Structure -> Ingest -> Analyze

The basis for all RDBMS, for:

Ingest -> Analyze -> Structure.

This is what we know as ‘late schema’ or ‘schema on read’. And the value continues to be that we don’t burden IT with the need to create new schemas, tables, and data, and in return we get our data on demand, not weeks or months from now.

We’re not saying bad things about IT. We’re saying that the growth in demand for stored and extracted data by data scientists, analysts, and line of business users is growing so fast that IT can’t keep up. Also, that EDWs based on RDBMS simply require too much work to modify for our new mindset, “let’s see what’s in there”.

Data Puddles

Early data lakes were the meat-and-potatoes of data scientists working on new projects. They could take data from transactional systems, from EDWs, and from new Big Data sources like text and streams, create their own data lake, and go to town.

Because these early users were largely data scientists and had good SQL and coding skills as well as some decent data engineering chops they could do this in a self-contained way that served their immediate set of projects.
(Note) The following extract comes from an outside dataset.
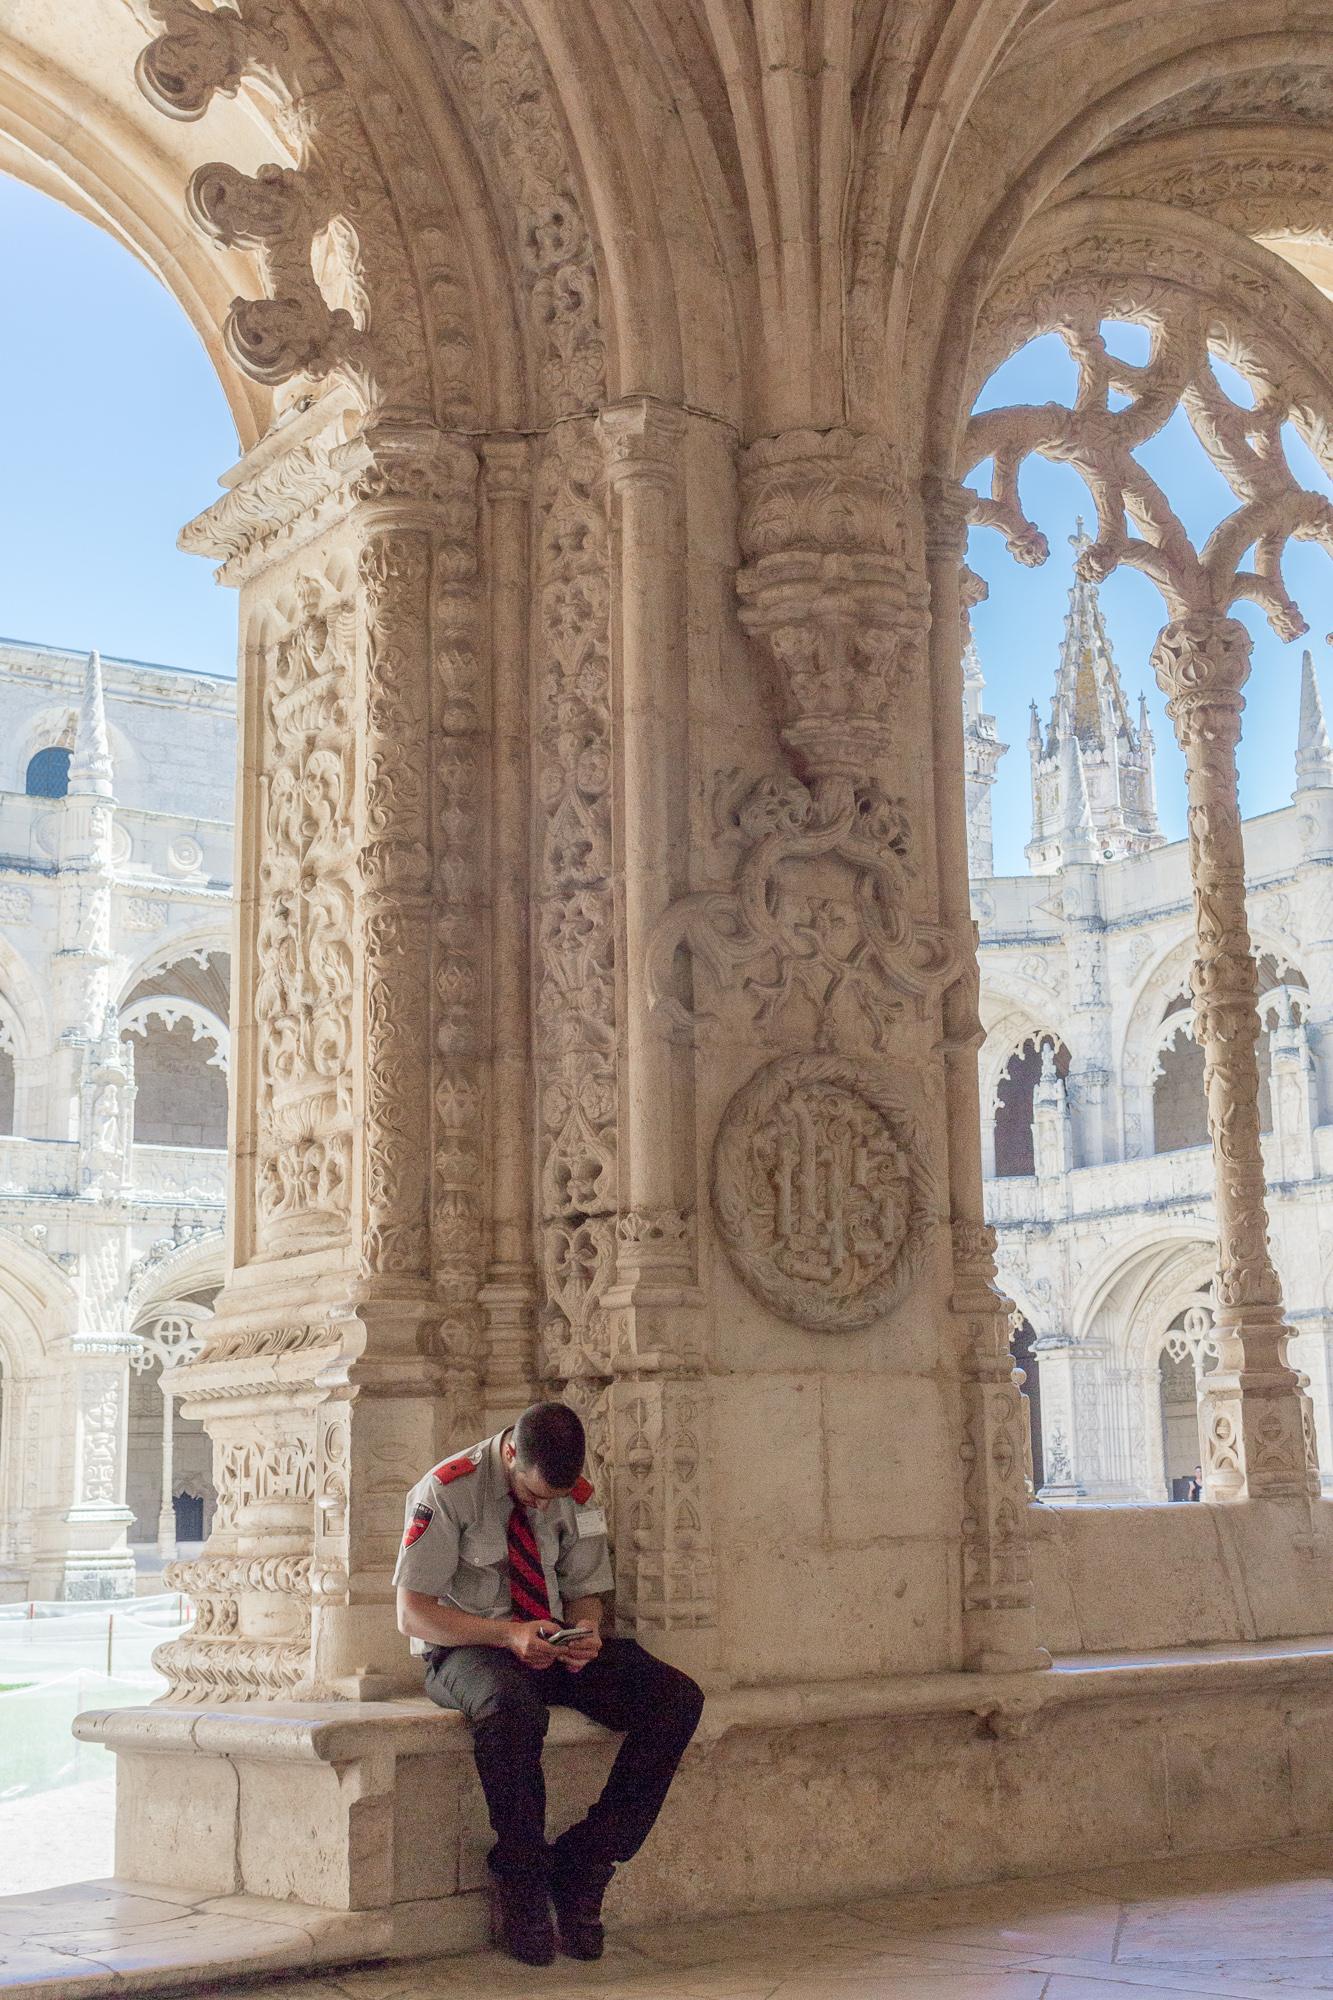 Un gardien du monastère des Hiéronymites assis à l'ombre du cloître, les yeux sur son téléphone, Belém, Lisbonne, Portugal

If only one or a few data scientists were using it, they controlled what went in, how it was processed, and what it was used for.

But as data lakes evolved into more robust systems and more and more users wanted this capability, these older narrow-use instances didn’t meet the need of the much larger group of folks who wanted larger and larger varieties of data. To democratize data you needed something larger than these siloed data puddles.

The Modern Data Lake

The number of vendors providing turnkey, easy to establish and easy to use data lakes has exploded. And the use of data lakes has exploded as well because the same dynamics about the time-delays and costs still exist, while the number of users clamoring for data has grown.

It’s more common now, and certainly more efficient to have a single large data lake than any number of smaller data puddles. Data lakes are now much more likely to be created and supported by IT specialists and data engineers. That’s a good thing.

Don’t Throw It Out

Another positive aspect of creating centralized data lakes is that it tends to support a new company-wide ethos to save everything and analyze it later, even if we don’t yet know what the value will be.

Storage is cheap and a remarkable amount of potentially valuable data is being discarded all the time. Take weblogs for example or CSR recordings or transcripts. All sorts of interesting and value-enhancing models are being built from these sources.

The Challenge

But here’s the rub. The more data you put in there the harder it is for any given user to know where to find it, how valid it is, how clean or dirty it might be, whether it duplicates other data also in the lake, or any of a host of other reasons to slow down and be concerned as you undertake your analytic or modeling project. One source says accurately “finding data in data lake is like shopping in a flea market”.

To further complicate the matter, a wider group of users means a much wider set of skills. The data scientists on your team may be equipped to search out, join, shape and prep the data they need but it’s very unlikely that your line of business users can competently do that for themselves.

A third issue is what sort of proprietary or sensitive data might be in there. Whether it’s company proprietary transactional or financial data or customer personally identifying information (PII), not everyone can be allowed to see everything. And there are plenty of shades of gray here too. For example, your data scientists might need to see absolutely everything about each customer but from a legal standpoint ‘everything’ probably shouldn’t include social security numbers or full credit card numbers. So there are degrees to which the data needs to be filtered and cleansed before each type or level of user sees it.

While data lakes started out with a kind of free spirit, anything goes ethos, it rapidly appears that even these meccas of experimentation need governance as well.

Good Governance Means a Good Metadata Catalog and Access Control

From a user perspective the most valuable tool would be a good Metadata Catalog showing where everything is and what we know about it.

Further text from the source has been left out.